WHAT YOU NEED TO KNOW ABOUT STALKING
Stalking literally means to pursue prey or quarry. Legally, it is defined by state statutes, and is generally considered a course of conduct that places a person in fear for their safety.
In Colorado, stalking is defined as harassing someone (i.e., following, contacting, or watching another person) in a way that causes them to feel fearful (state statute C.R.S. 18-9-111). A first time offense is considered a Class 5 Felony, and a Class 4 Felony when there is a restraining order or injunction already in place.
According to the National Center for Victims of Crime, 1,006,970 women and 370,000 men are stalked annually in the United States. On college campuses, 3 in 10 college women report being injured emotionally or psychologically from being stalked, and 80% of campus stalking victims know their stalker.
What Motivates a Stalker?
Stalkers can be driven by several different reasons, and most have stalked more than one person in their lifetime. Stalkers are obsessed with their victims, and this obsession is expressed in many ways. Some common reasons for this obsession include power, control, and sometimes revenge. Most stalkers don’t take responsibility for their actions and blame others for making them do what they do. Stalkers who have had intimate relationships with their victims (the majority have) have been shown to be much more aggressive and violent (both male and female perpetrators). Relationship violence perpetrators often stalk their victims during the course of the relationship and especially after the victim leaves the relationships.
Common Manipulation Tactics
Gifts or Notes: Stalking may start off as little gifts or notes either given to the victim or left where they will find it. The notes may be pleasant, sexually oriented, or simply off-the-wall depending on the stalker. They typically get worse as the gifts are continually rebuked.
Constant Communication: Stalkers work to harass their victims with a continual stream of information so that they know the assailant is always lurking out there.
Surveillance: Most stalkers are very good at tracking. They follow, peep, and record. They usually keep logs or diaries, or memorize as much about the victim as possible. Electronic means of stalking have increased significantly in recent years.
Threats of Violence: Threats of violence may be a way to get the victim to do the stalker’s bidding. Also, there are stalkers who make no direct threat but do in fact commit acts of violence against their victims. Even if there are no physical threats of harm, continual harassment and surveillance become a very real emotional and psychological threat to victims of stalking. More than one million women and nearly 400,000 men are stalked annually in the United States (U.S. Justice Dept. 1998)
Legal Harassment Tactics: Stalkers may file small claims or other legal actions against their victims. These cases are usually eventually dropped, and are strictly used to harass and manipulate the victim.
Libel and/or Slander: Stalkers may make slanderous remarks to victims’ friends or associates, thereby causing victims damage in both interpersonal relationships and associations in the workplace.

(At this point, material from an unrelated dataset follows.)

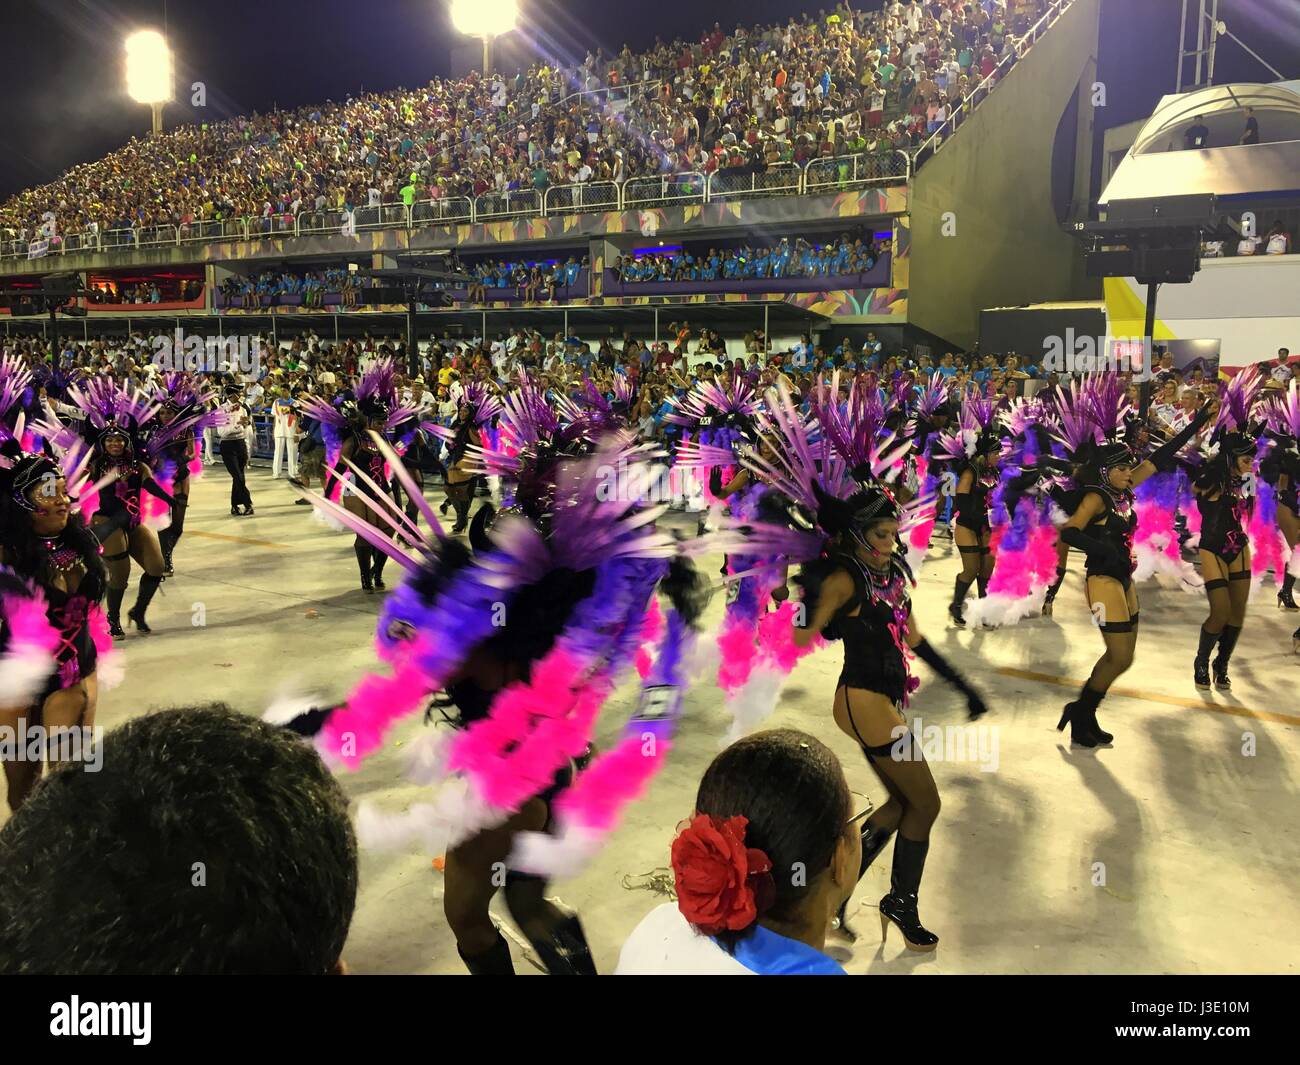 Carnaval parade in the Sambodromo, Rio de Janeiro, Brazil. What an energy, spirit, culture, and crazy party. Stock Photo

Harassment of Family Members: Stalkers may resort to harassing family members if they are not able to contact the victim directly. A jealous stalker may make threats to a significant other if they view them as a barrier. Some stalkers may harass victims’ pets.
Fraud: A stalker may run up large bills on the victim’s calling and credit cards, or go through the mail to disrupt services.
Vandalism: This is a common tactic used by stalkers, causing emotional and financial burden on the victim.
Trophy Collection: Some stalkers will commit burglary both to further their information gathering as well as spur on their fantasies. Several types of stalkers are known to collect undergarments.
TYPES OF STALKERS AND GENERAL CHARACTERISTICS
Domestic Violence Stalkers (also referred to as intimate partner stalkers) commit over 50% of stalking crimes. These individuals have had previous relationships with their victims and this personal history allows these stalkers to exert a great deal of control and power over their victims.
Domestic Violence stalkers exhibit a variety of characteristics, including desire for extreme control, obsessive behavior, vengeful attitudes, an inability to handle rejection, and an assumption of little or no responsibility for their actions. Many dominate and live off their victims. They often charm their perspective victim at first, but begin to slowly take over and control their lives. Many of these stalkers are heavy users of pornography and exert domination and demeaning tactics in sexual relationships. They seem to believe the root of their problems lie with the victim, not the other way around.
Common manipulation tactics used by these Domestic Violence stalkers include harassing phone calls, contact with the victim or family members, and threats of violence. Domestic Violence stalkers have the greatest propensity towards violence, and may use threats of or attempts at suicide to get their victim to do what they want.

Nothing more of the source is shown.